Le gouvernement lituanien a introduit une nouvelle politique controversée qui menace de forcer les travailleurs étrangers à quitter le pays pendant six mois après deux ans d'emploi, ce qui soulève des inquiétudes quant à son impact sur la migration et l'intégration.
La politique intervient dans un contexte de pression politique croissante pour gérer plus strictement l'immigration. Pour mettre en œuvre ces objectifs, le Groupe de sécurité nationale au sein du palais présidentiel a rédigé des amendements à la Loi sur le statut juridique des étrangers.
Ce changement réduirait considérablement le nombre de places disponibles pour les nouveaux migrants à moins que le quota global ne soit doublé, un résultat qui semble peu probable compte tenu des conditions politiques et économiques actuelles.
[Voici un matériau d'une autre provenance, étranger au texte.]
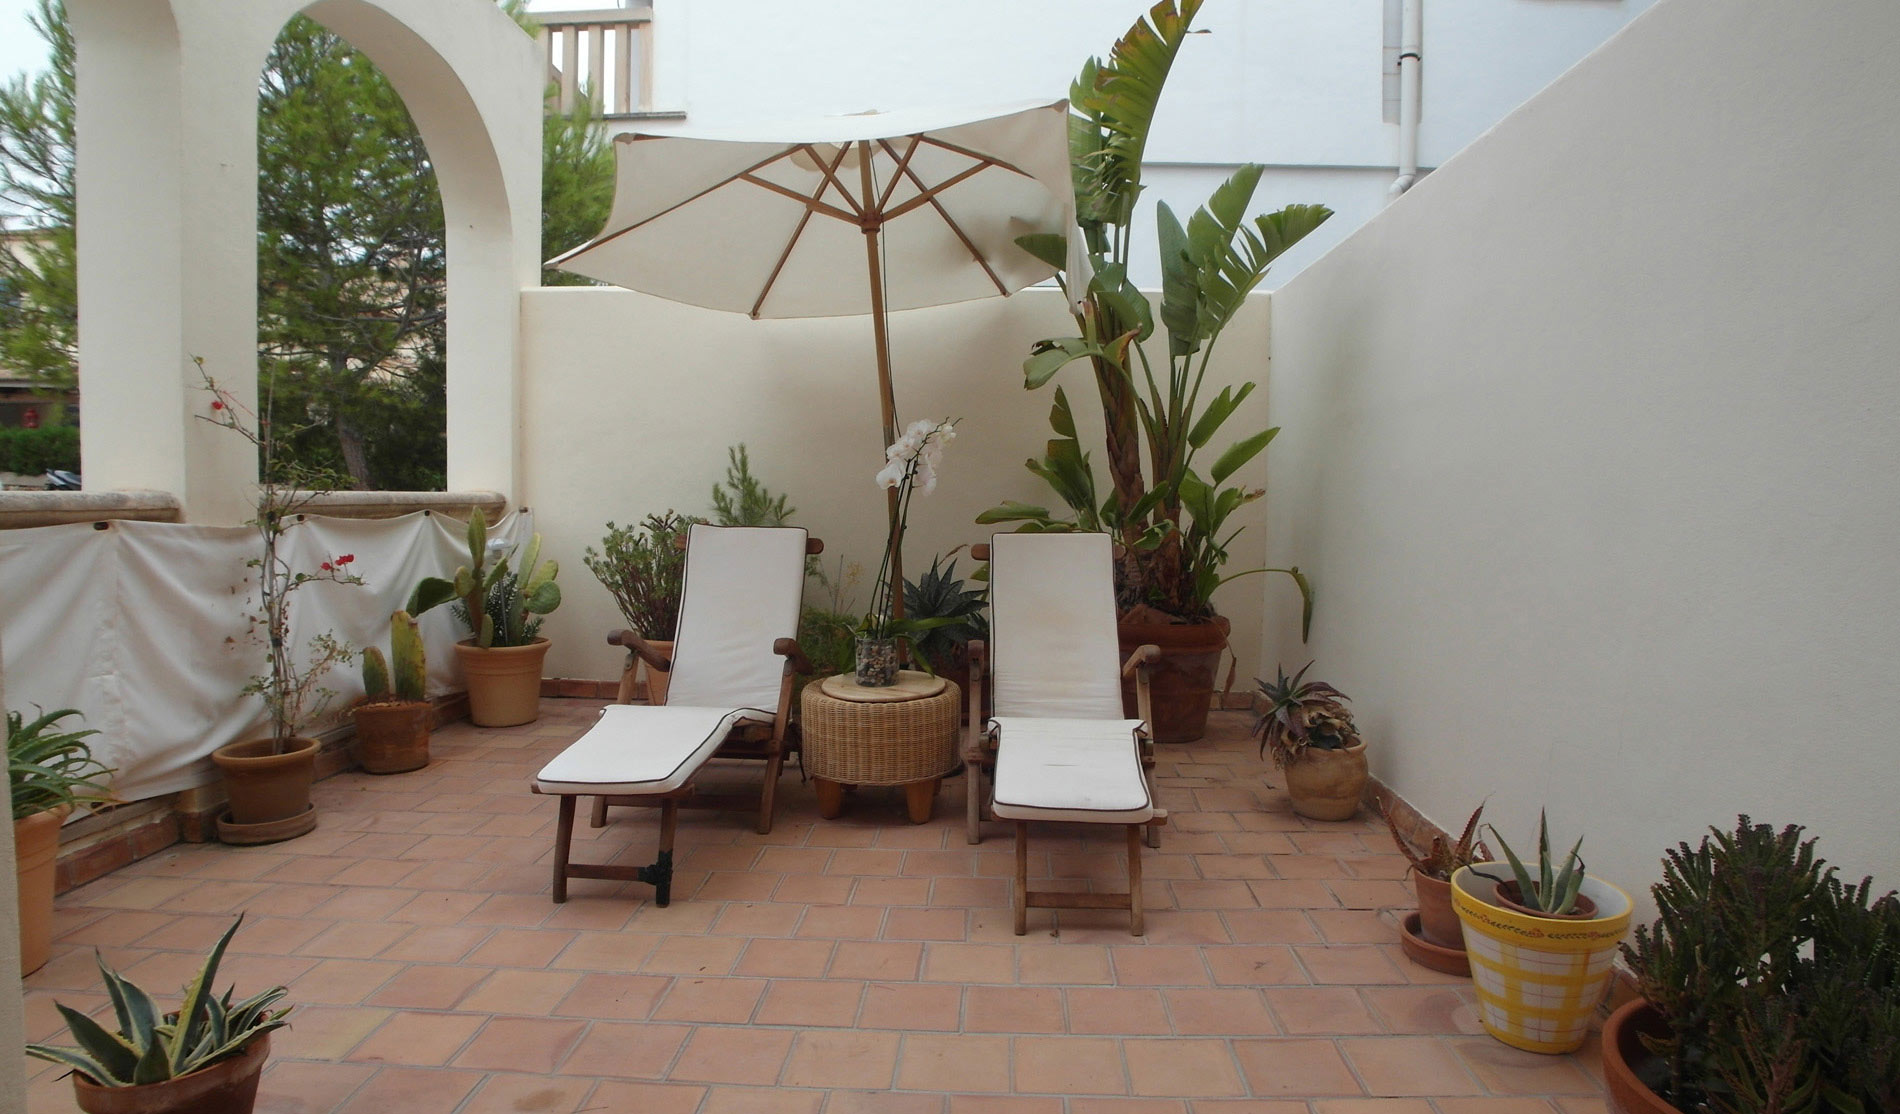 Terrasse in Mediterranem Stil mit vielen Grünpflanzen
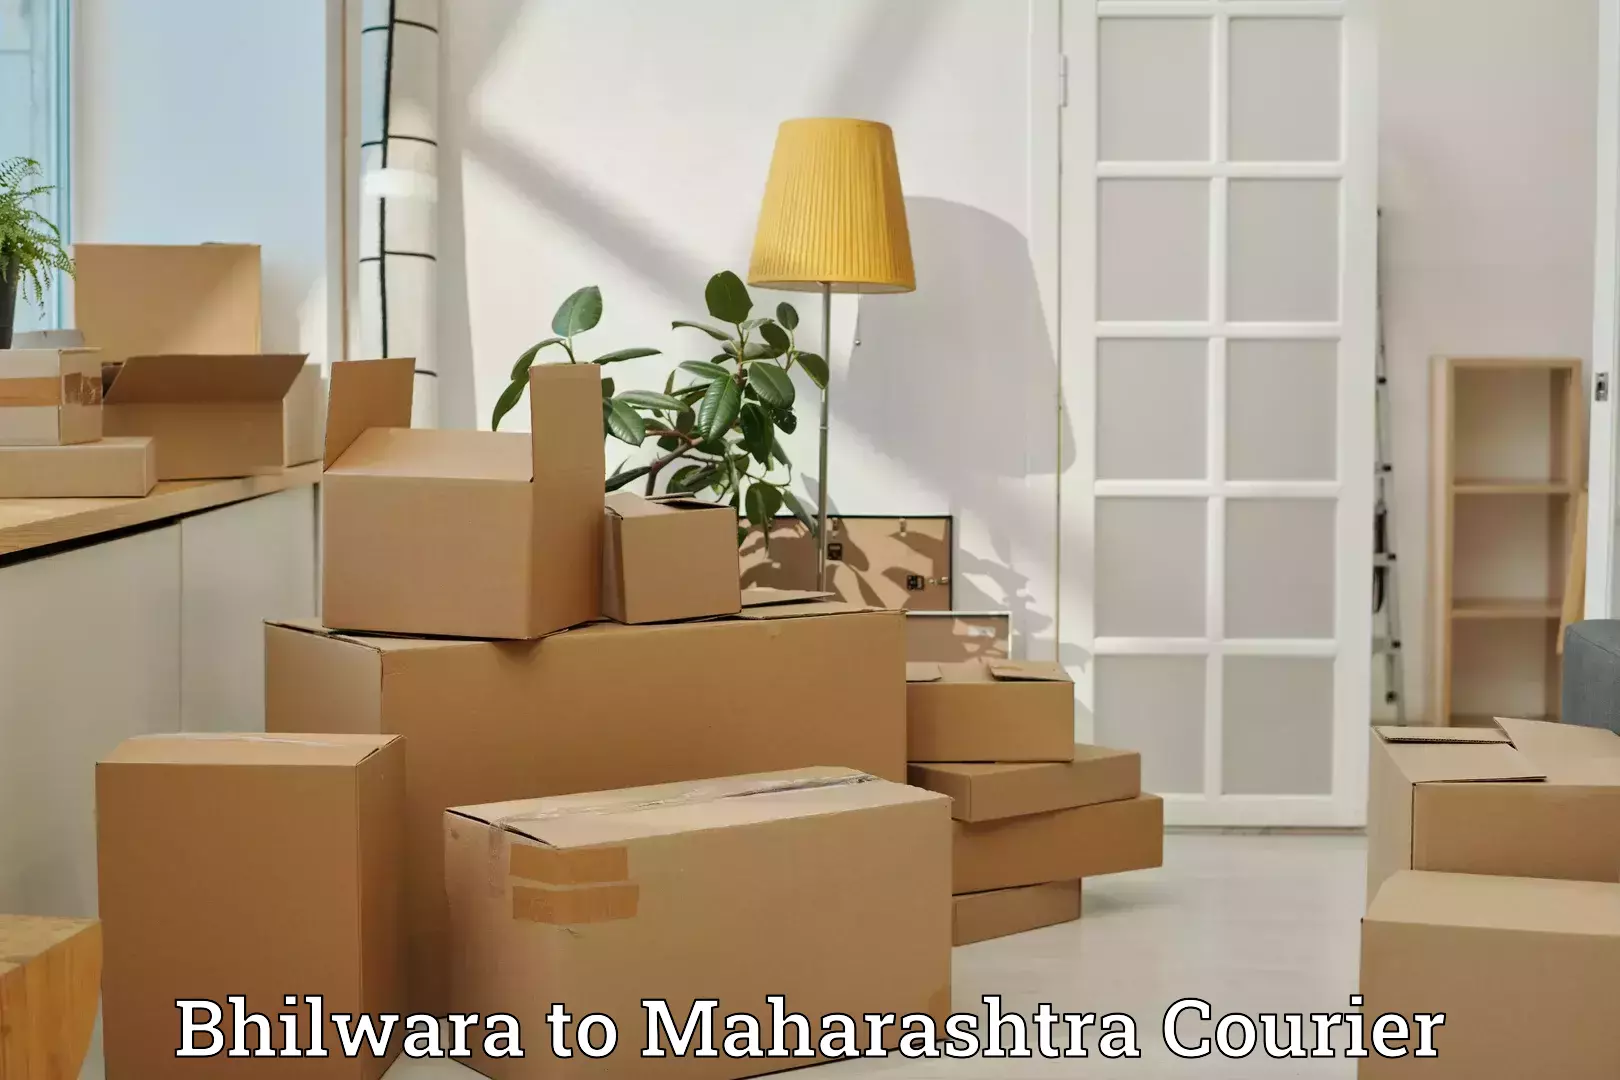 Luggage shipment specialists Bhilwara to Saoli

Les migrants ont déjà la liberté de rendre visite à leurs proches quand ils le souhaitent, et la règle proposée créerait des perturbations inutiles. Plus critiquement, l'absence de six mois interférerait avec le processus de regroupement familial, qui, selon la loi actuelle, n'est possible qu'après deux années consécutives de résidence légale. Avec des départs obligatoires tous les deux ans, les travailleurs n'accumuleraient jamais le temps nécessaire pour se qualifier pour amener leur famille en Lituanie.
Le sociologue Karolis Žibas, fondateur de l'ONG Diversity Development Group, a souligné que les affirmations concernant un point de basculement de 10% pour les populations migrantes, autrefois émises par le maire de Vilnius Valdas Benkunskas, sont basées sur des hypothèses non vérifiées. Žibas soutient que la ségrégation et la ghettoïsation proviennent de problèmes structurels tels que l'abordabilité du logement, la discrimination et les disparités éducatives plutôt que de la simple présence d'un certain pourcentage d'étrangers.
Skirmantas Bikelis, chercheur principal à l'Institut de droit du Centre lituanien des sciences sociales, a fait écho à des préoccupations similaires. Dans un article d'opinion, il souligne comment le débat actuel sur l'immigration réduit souvent les dynamiques sociales complexes à des mesures simplistes, ce qui pourrait induire en erreur la perception du public. Il exhorte les décideurs à prendre en compte les réalités nuancées de l'intégration et de la cohésion sociale, plutôt que de s'appuyer sur des seuils arbitraires.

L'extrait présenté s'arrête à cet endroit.